■ RECORD EXTRACTS ■

******************************

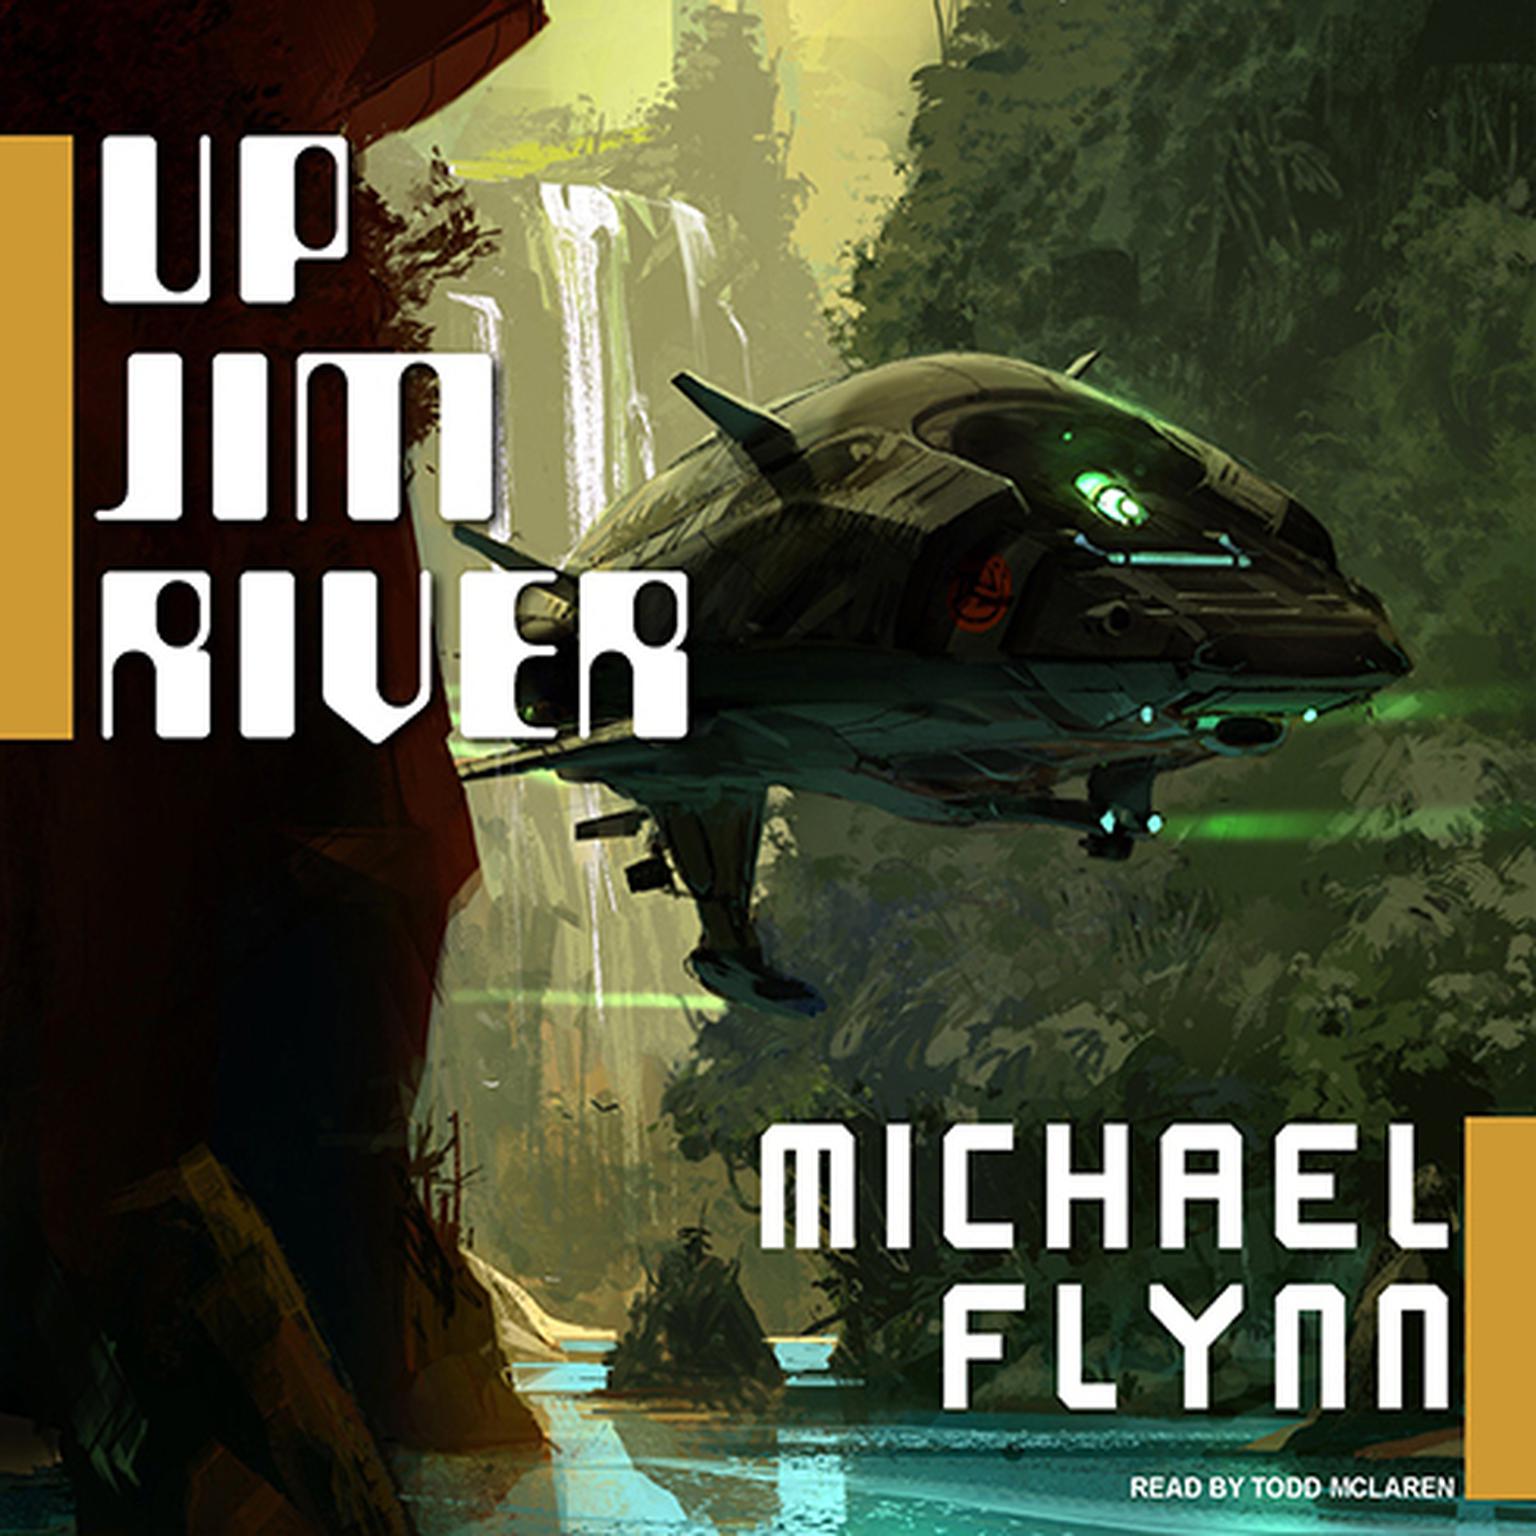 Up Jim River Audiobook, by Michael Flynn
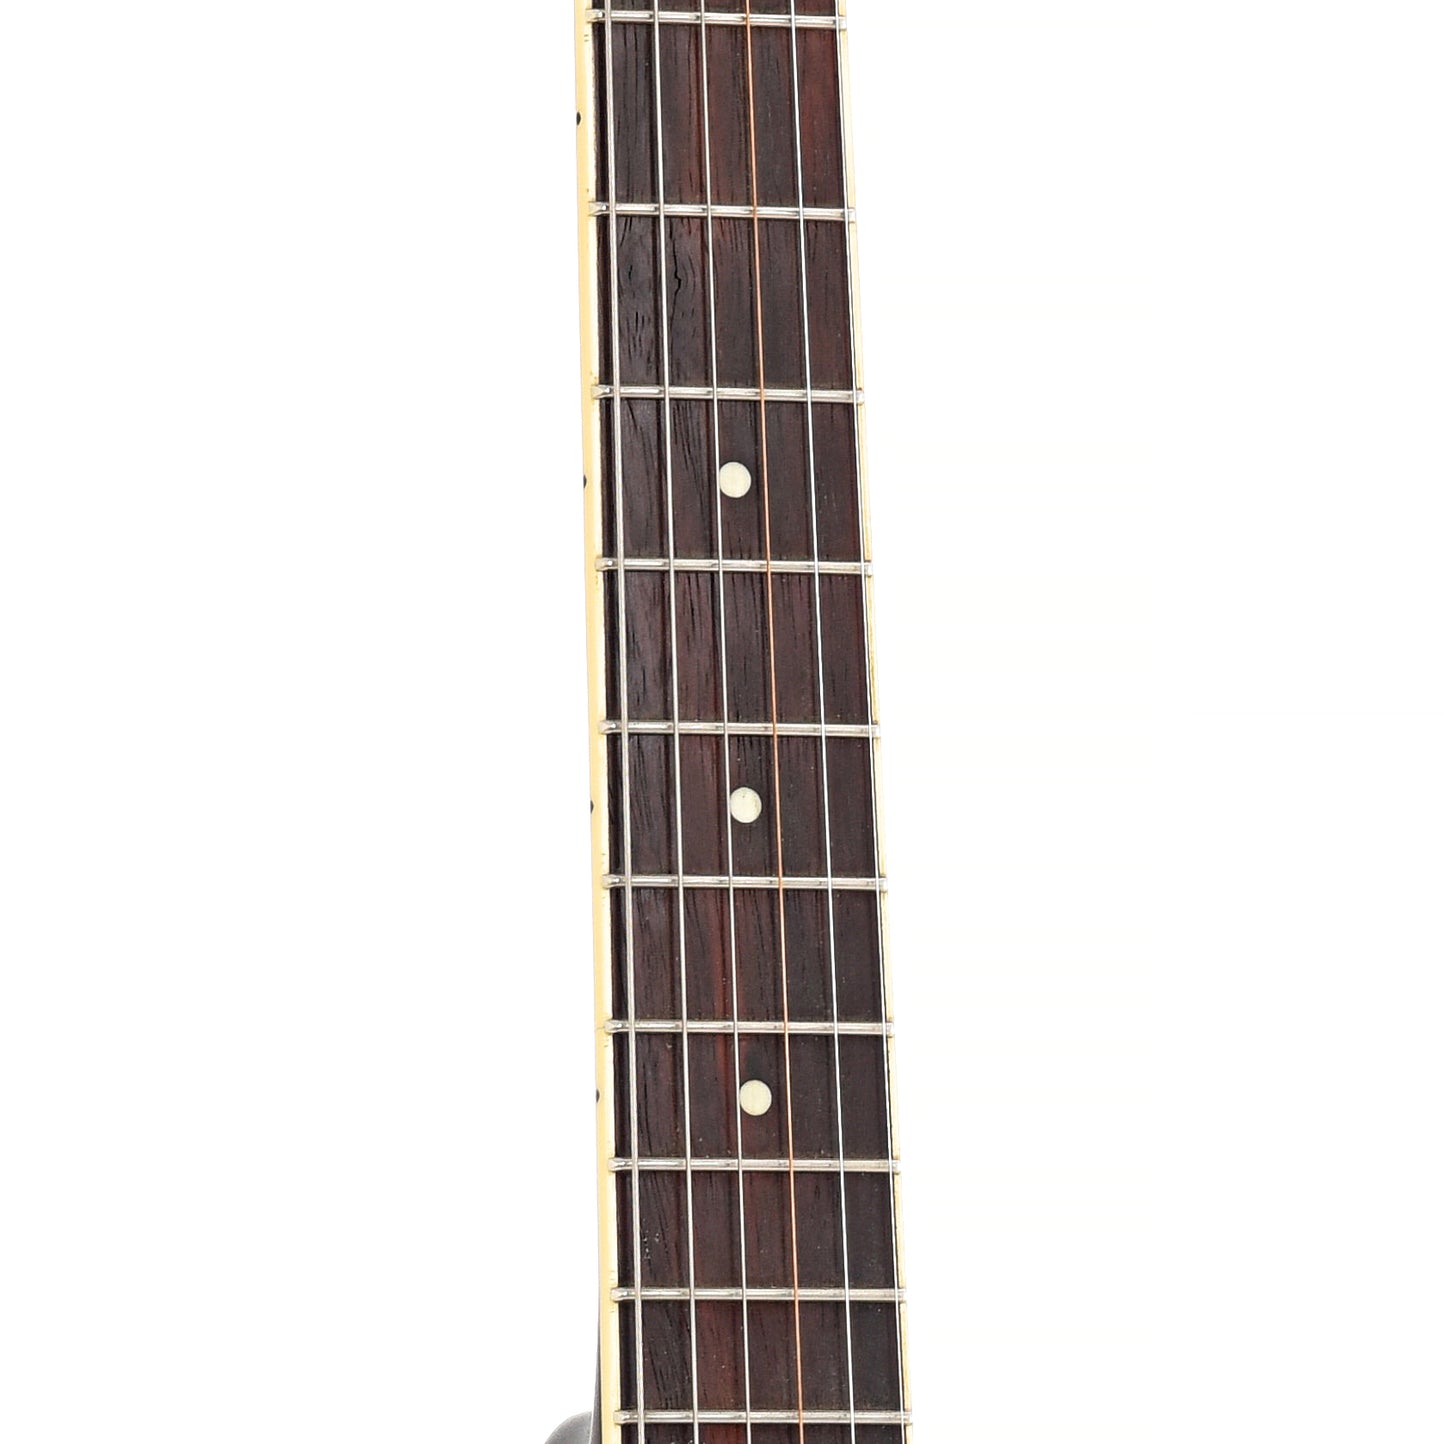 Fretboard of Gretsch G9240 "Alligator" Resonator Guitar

******************************

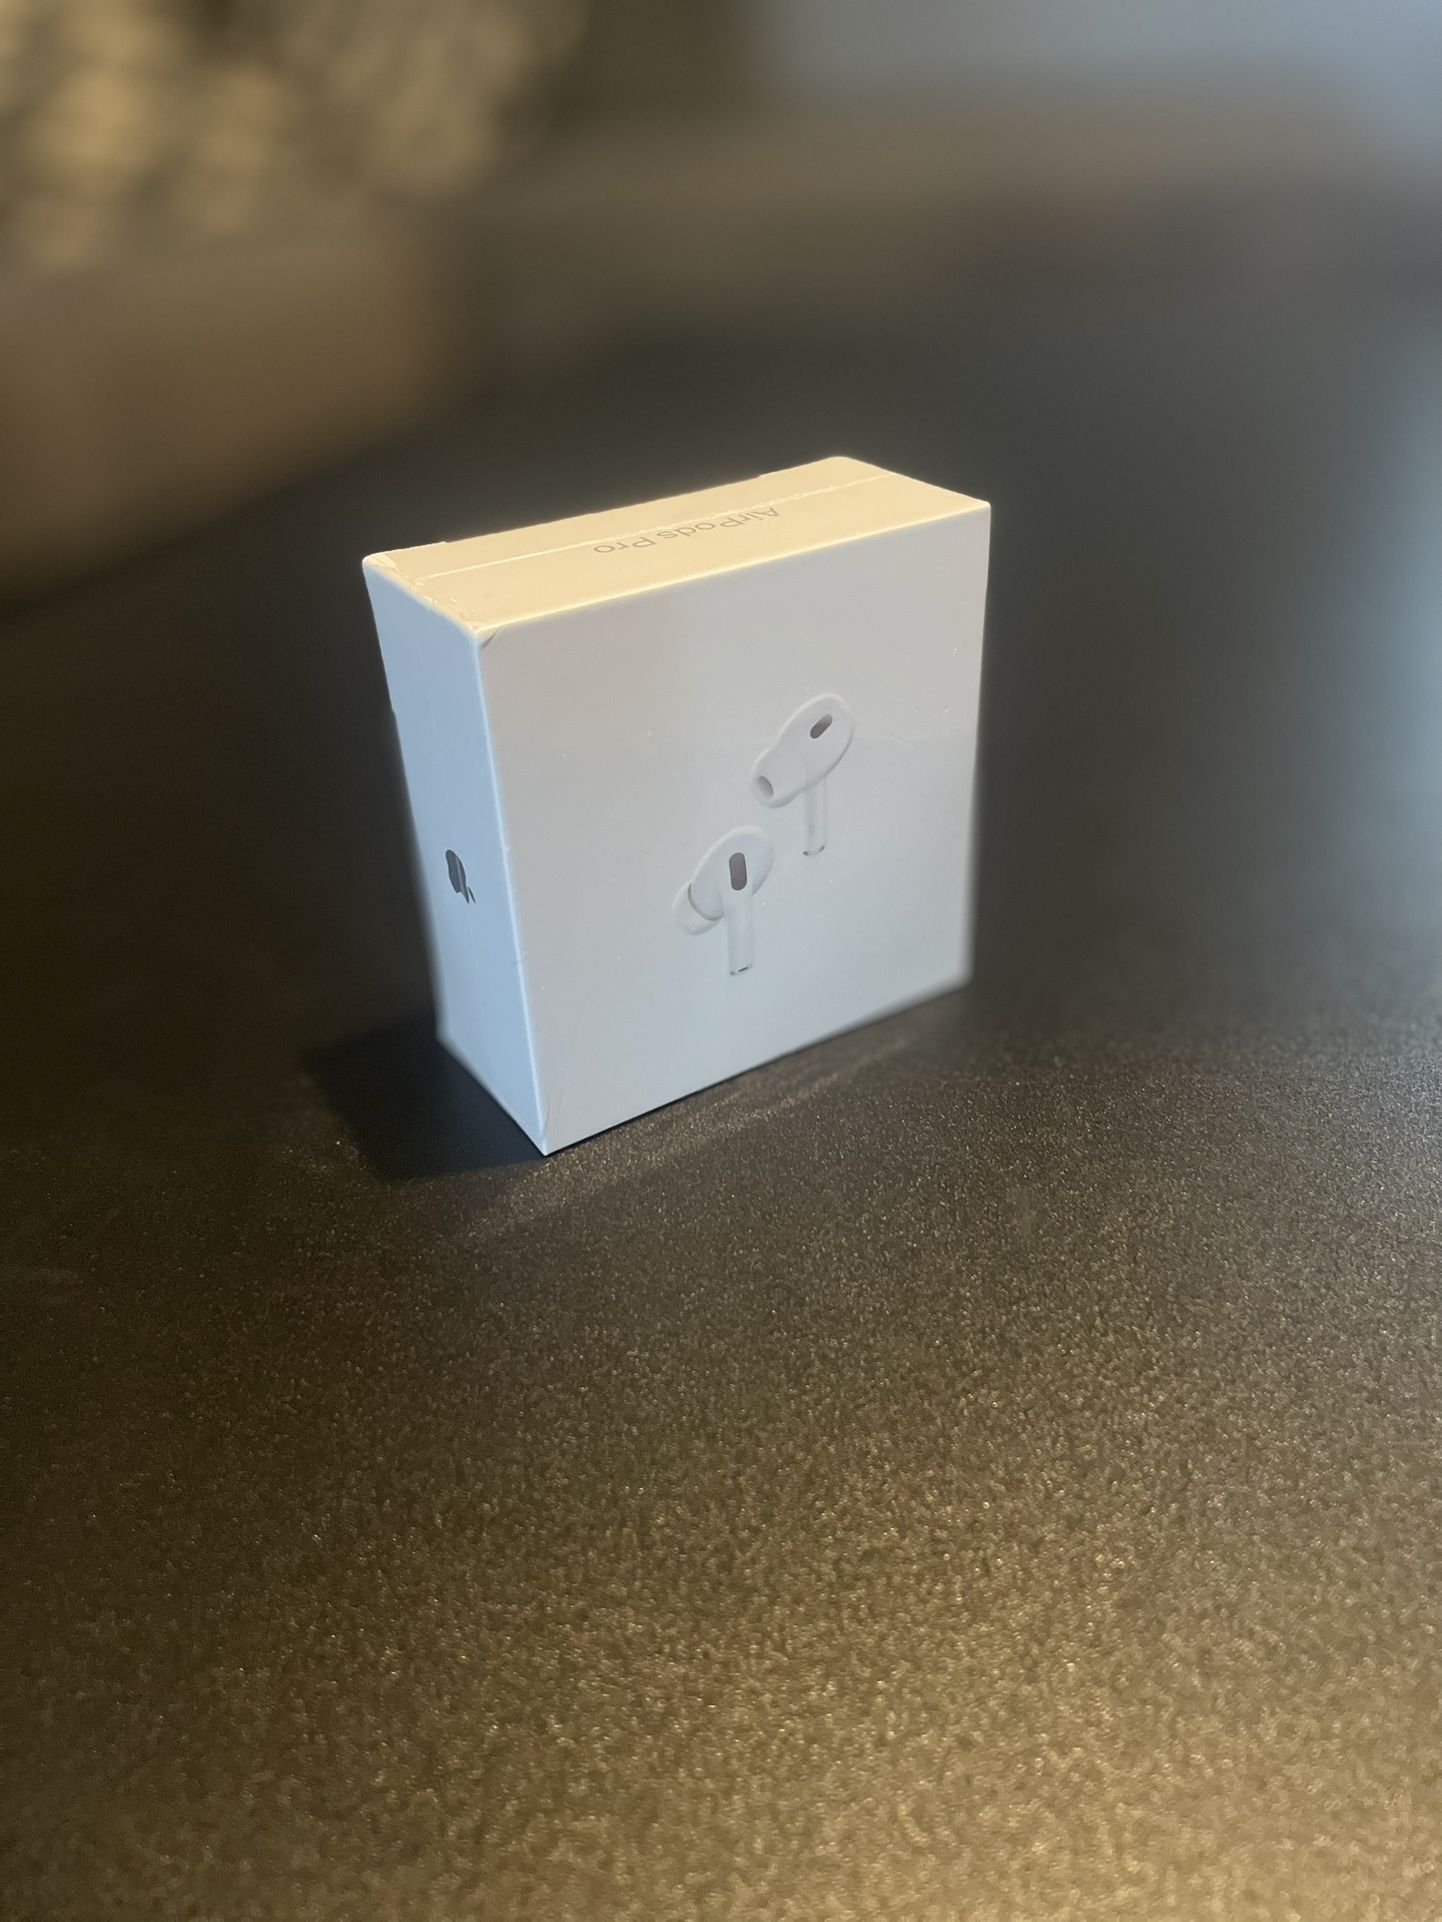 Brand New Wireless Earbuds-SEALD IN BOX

******************************

Within the listing above, extract exactly the lines that run from the one containing "Up Jim River Audiobook, by Michael Flynn" through the one containing "Fretboard of Gretsch", excluding any pictures.

■ SOLUTION ■
 Up Jim River Audiobook, by Michael Flynn
 Fretboard of Gretsch G9240 "Alligator" Resonator Guitar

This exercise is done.